I wish to pick up on what the noble Baroness, Lady Massey, said about this being an issue of child protection, among other matters. As I said earlier this week, very often when children go missing from local authority care, the local authorities do not know that they are trafficked children. Therefore, no one is identifying them and looking for them with the special care that is required for this small group of children. They are treated as ordinary missing children who will probably come back. This is a very serious child protection issue.
The other point made by the noble Lord, Lord McColl, is so important that I shall repeat it. There is a real need for one constant person to take an interest in the child, meet the child early on, offer a mobile phone number, be at the end of a telephone and be able to answer the questions that a child with very limited or no English will need to ask someone who can be there.

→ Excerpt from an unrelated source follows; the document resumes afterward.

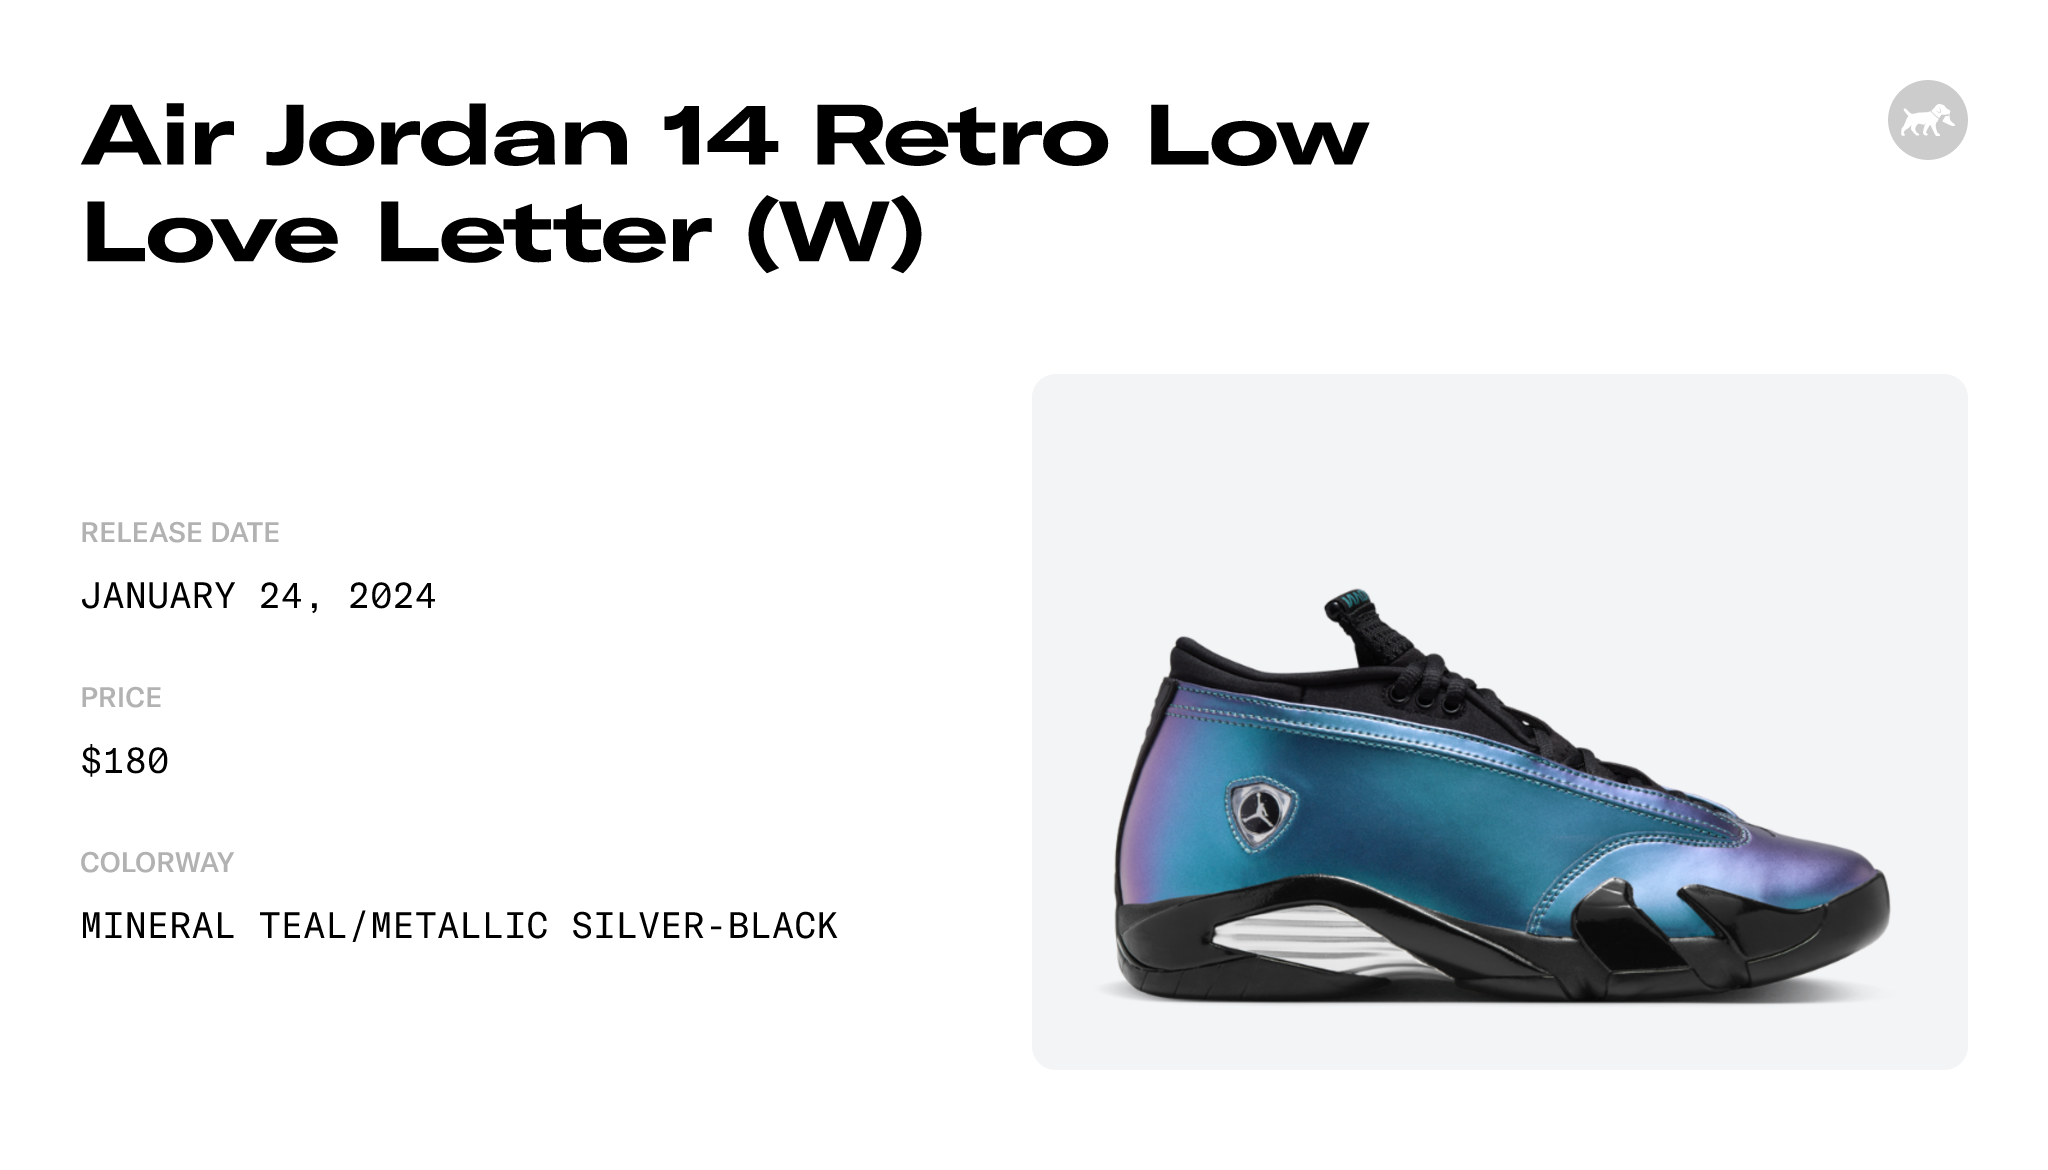 Air Jordan 14 Retro Low Mineral Teal (W) Raffles and Release Date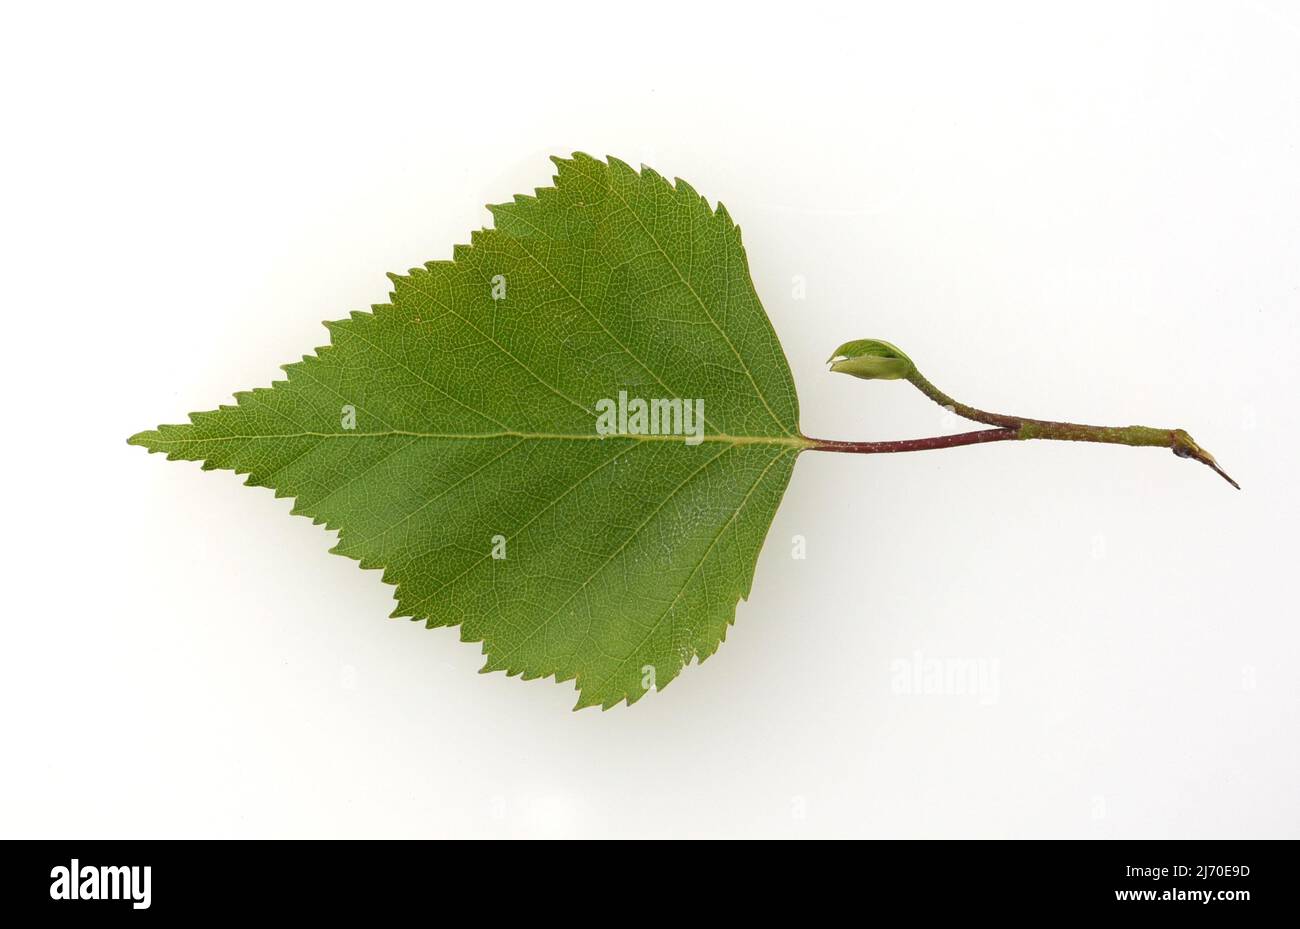 Birke, Birke betula, ist ein einheimischer Baum, der auch medizinisch als Heilpflanze verwendet wird. Stockfoto

One of the sadnesses highlighted at the Still at Risk event that I was glad to attend yesterday is that these children have multiple social workers. We all know the underresourcing and overwork of social workers, so can they give a special degree of care to a foreign trafficked child who is not even under a care order? Consequently, they have to cope with no one person in their life.
What the noble Lord, Lord McColl, is suggesting in this amendment is crucial. We are failing a small number of grievously disadvantaged foreign children. We are talking about hundreds, not thousands. There was a particularly worrying case in Kent, where children who had been trafficked into Kent were being trafficked out by the same traffickers. Fortunately, Kent Police got hold of this, but if there had been a guardian, that guardian would have kept in touch with the child, with any luck, and would probably have been able to prevent it as they would be the one person who would know where the child was and, in any event, would be in touch with the suitable authorities to try to deal with it.
I have been talking to Barnardo’s about whether it would be prepared to offer some sort of service. The most important point that it makes is that there has to be a sufficient legal status because the majority of social services and, indeed, the NHS, talk about the confidentiality of teenage children and so on, so they will not necessarily tell somebody coming in what is going on. If the person has legal status, people have to open their records. In the absence of that sufficient legal status, a wonderful organisation, such as Barnardo’s, the NSPCC, the Children’s Society and so on, would not be able to offer that service, even if it were to be financially supported to do it.
The noble Lord, Lord McColl, has raised a very important issue. He and I were, if I may put it rather bluntly, fobbed off by the Government in 2011 and 2012 on the basis that there would be this report, and nothing is happening now. Children are going missing and are suffering the trauma of trying to cope with inadequate English through the multiplicity of agencies with which they have to deal. Quite simply, it is unjust. It is not good enough, and we as a country should be rather ashamed of ourselves.
My Lords, the noble Lord, Lord McColl, made a very powerful case and referred to the Joint Committee on Human Rights’ report on its inquiry into unaccompanied children. I want to underline that because we took evidence from people in Scotland with experience of the guardianship system there, and I was very impressed by what we were told. We have clear evidence there of how it can work and can support the kind of children whom we have been hearing from. I was not around when the noble Lord first raised this issue, and it is very sad that there has been this long delay. I hope that this House can now do something to rectify that situation.